From a business perspective, Indie means this:
* MUCH lower development costs. For the console makers, and Steam, it means that they can get content out there and only pay developers if their content sells. Development costs is pretty much on the backs of the developers. Their costs would be lower, because they don't have casts of thousands they need to pay.
* Much wider range of quality and originality of concepts. You are more likely to get experimental concepts done by Indies, and stuff all over the map. Of course, in this, you will also get a glut of clones of stuff that had worked, but that goes with the territory.
* Lower production value. You are not going to get a wide range of voice actors, Hans Zimmer doing the soundtrack, and what is equivalent to Hollywood Blockbusters.

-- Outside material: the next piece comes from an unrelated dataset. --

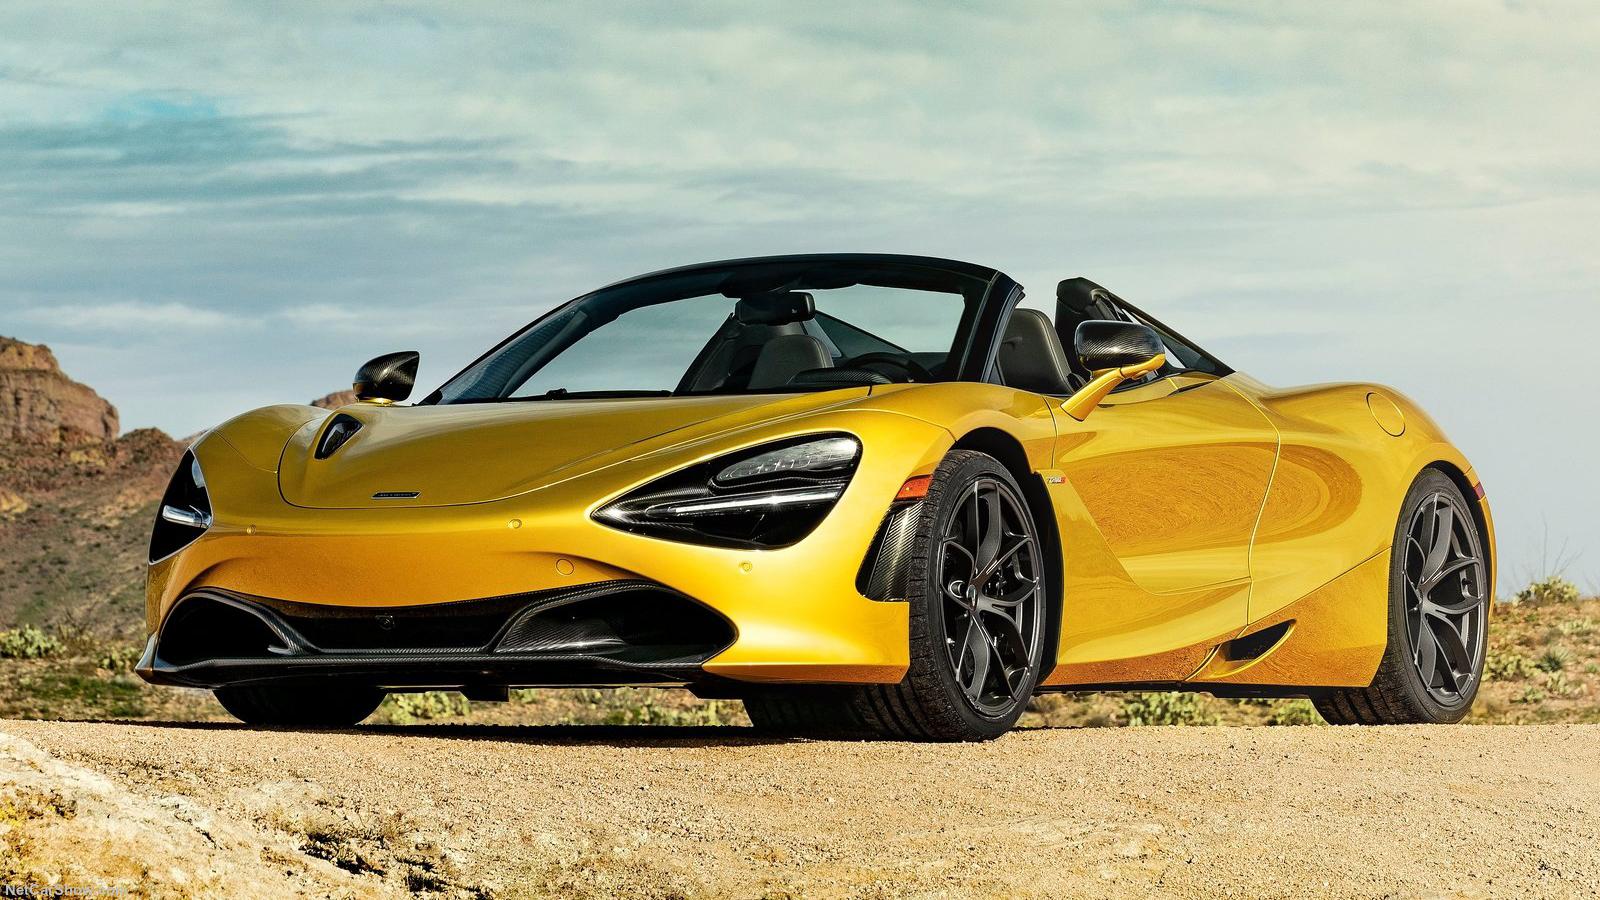 Siêu xe McLaren 720S Spider 27 tỷ và 5 điều đặc biệt

* Game that feels far more old-school in nature. You will get evolutionary updates to old concepts. BUT, when you work with small dev teams, who are trying to make entertaining games, you are going to run into games that feel old school to some degree.
End result, is you have a flood of mixed quality, and a rare gem that will rise to the top and end up turning the industry on its head. For the console makers and steam, it is like buying huge numbers of lottery tickets, and hoping one takes off and becomes a Minecraft or Angry Birds. Costs to return on investment is what excites them. And the rare gems I speak of are what help the industry from getting stuck in a rut, and dying off from boredom.
If you see my CADERS link below, it started out with casual, retro, and neo-retro. With the flux of Indie, I then realize that neo-retro can fairly easily be replaced by Indie, because of the nature of Indie stuff being like old school.